Après une période de plusieurs années de stabilité des taux à un niveau très bas, les investisseurs sont en recherche de rendement, ce qui peut entraîner une montée des risques d'autant plus grande que l'inflation perturbe cette recherche de rendement. Il faut donc suivre les indicateurs et espérer qu'on n'entre pas dans une vraie crise, c'est-à-dire dans une situation où on ne maîtrise plus les choses. Je me souviens qu'à l'été 2011, au même moment où nous étions sur le point de perdre notre triple A, je me suis parfois demandé si la zone euro passerait la journée. Par la suite, en juin 2012, Mario Draghi a prononcé un discours dans lequel il a affirmé le rôle de prêteur en dernier ressort de la Banque centrale européenne (BCE) « whaterver it takes », sifflant ainsi la fin de la récréation pour tous ceux qui amplifiaient les mouvements de marché en spéculant.

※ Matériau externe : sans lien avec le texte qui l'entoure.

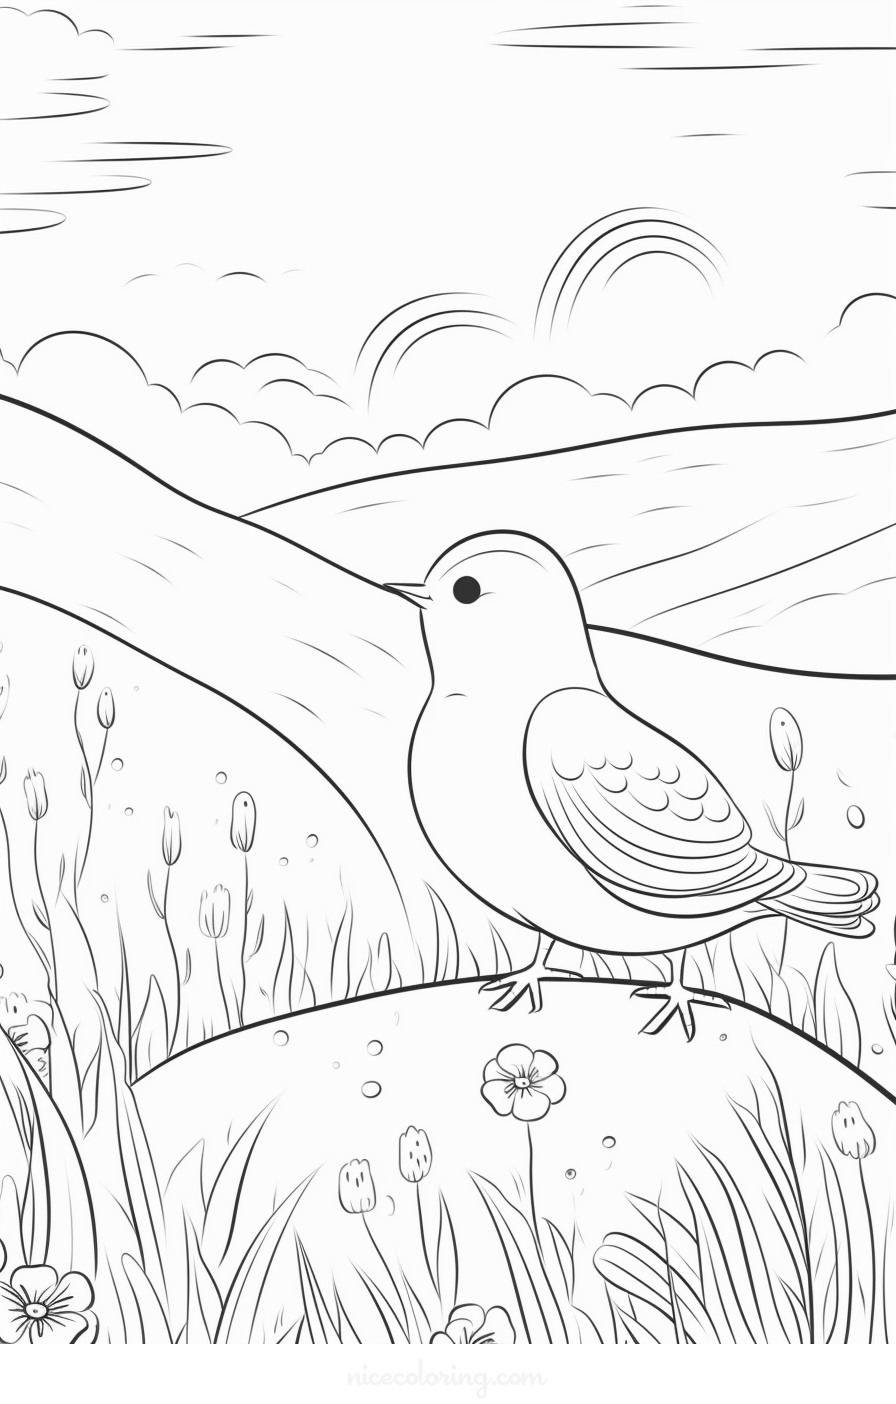 खिलती शाखा पर बैठा हुआ रंग-बिरंगा पक्षी

Mais, à l'été 2011, nous n'avions pas encore cette sécurité, ce discours n'avait pas eu lieu et nous ne pouvions compter que sur nos propres forces pour convaincre de notre capacité à rembourser, alors même que la Grèce, le Portugal et l'Irlande ne disposaient plus d'un accès suffisant au marché et que de grands pays de la zone euro étaient considérés comme exposés au même risque. Depuis, nous nous sommes dotés d'une réglementation financière très forte, pour permettre notamment de remédier aux problèmes de liquidité. En effet, si nous savons que ce sont généralement les problèmes de solvabilité qui génèrent une crise, nous savons aussi que ce sont les problèmes de liquidité qui la déclenchent, comme ce fut le cas pour Lehman Brothers.

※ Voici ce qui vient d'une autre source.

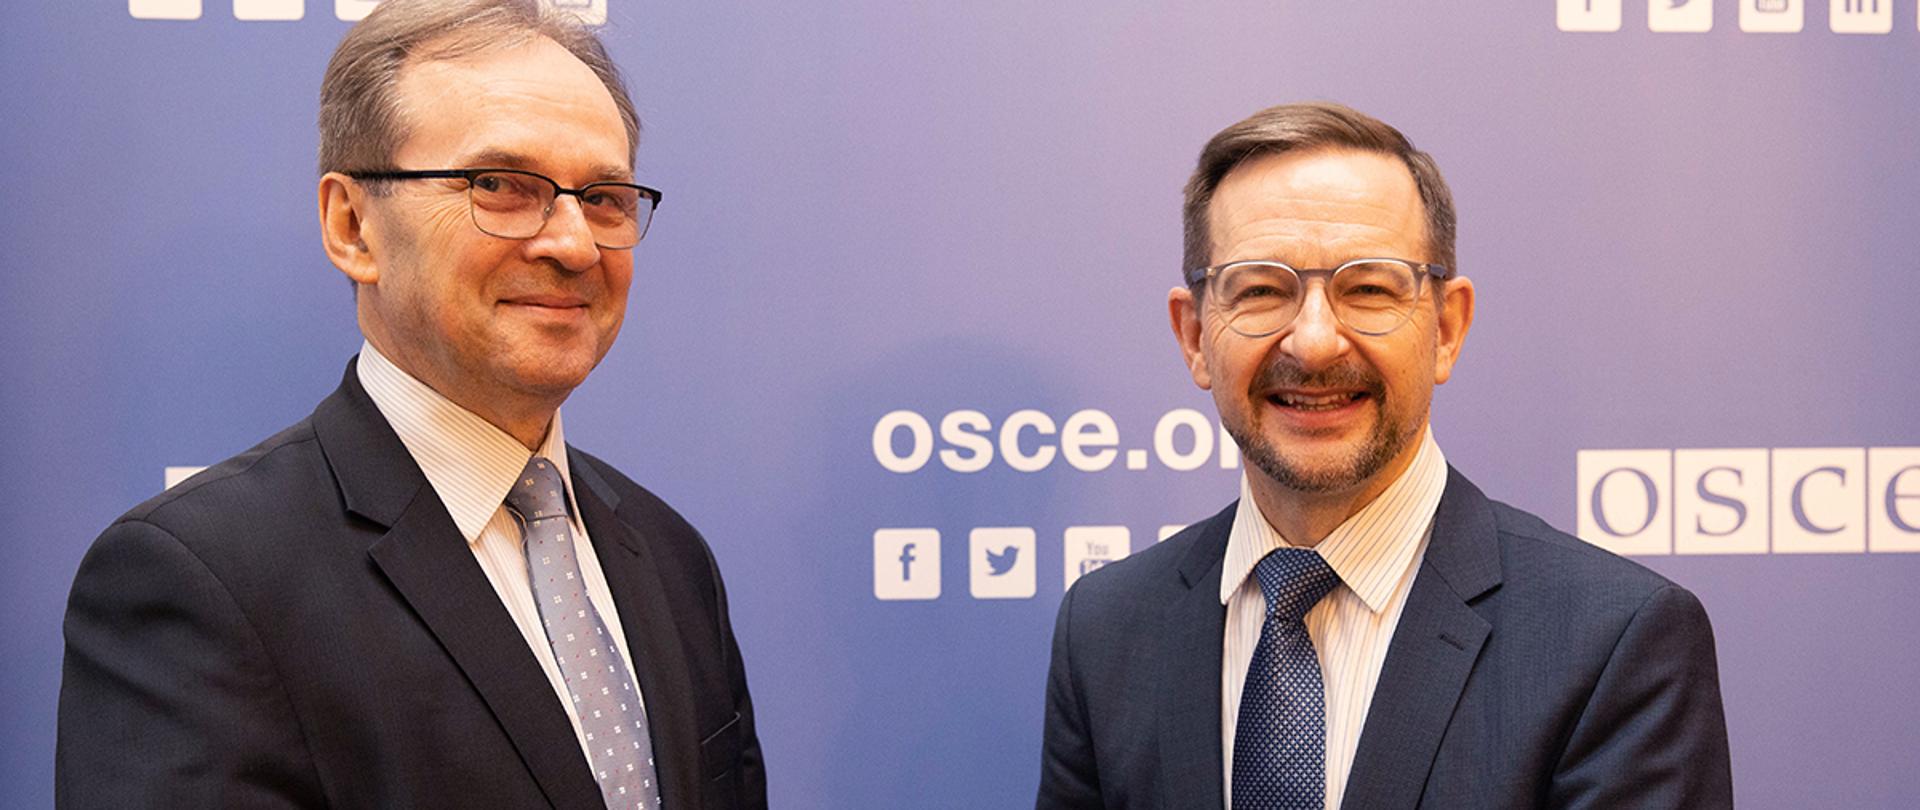 OSCE / Stanislava Kazimirova

J'en viens aux crypto-monnaies. Il est encore difficile d'évaluer quel sera l'impact de l'entrée en vigueur du règlement Markets in Crypto-Assets (MiCA). Celui-ci étant assez exigeant, se posera la question des modalités de transition pour les acteurs qui ont été enregistrés en France sur le fondement de la réglementation actuelle. Si l'innovation suppose nécessairement une forme de créativité qu'il convient de ne pas étouffer, l'agrément que les acteurs devront obtenir et les obligations de transparence auxquelles ils seront soumis devraient permettre de redonner la main aux épargnants et aux investisseurs. Il conviendra de suivre ce dossier attentivement - je suis sûre que le Sénat s'y attachera également.

Chaque autorité a sa légitimité et son rôle, mais certains savoir-faire développés par l'une peuvent être utiles à d'autres. J'ai évoqué l'ANJ, car il me semble que certains comportements sur les marchés ne sont pas très éloignés de comportements addictifs et que certaines publicités font appel à des ressorts semblables à ceux du jeu. Il ne faudrait pas que de petits épargnants perdent leur livret A au terme d'une opération qu'ils perçoivent comme purement virtuelle et ludique. C'est un message que nous pourrions nous efforcer de faire passer en nous inspirant du travail réalisé par l'ANJ, y compris sur la publicité.

Il est vrai que l'AMF est trop peu connue. On m'a récemment félicité pour mon arrivée à l'Association des maires de France... Nous devons continuer à mener une politique de communication active, notamment via les nouveaux canaux de communication que j'évoquais tout à l'heure, de manière que l'AMF soit facilement identifiée par les acteurs qui ont besoin de se référer à ses travaux.

Les marchés financiers ne sont pas qu'à Paris : une bourse s'est ouverte récemment à Lille, et il y en a une à Lyon et dans d'autres métropoles. La proximité avec les territoires est importante, tout comme le dialogue avec les acteurs locaux que j'ai à coeur d'entretenir, même si l'AMF est moins présente que d'autres autorités sur le territoire.

Enfin, je ne considère pas que nous soyons en situation de crise : sur les marchés financiers, rien n'est hors de contrôle. Comme je l'évoquais, nous ne sommes pas passés loin d'une situation un peu compliquée au Royaume-Uni, mais pas au point d'utiliser un certain nombre d'outils et de coupe-circuits.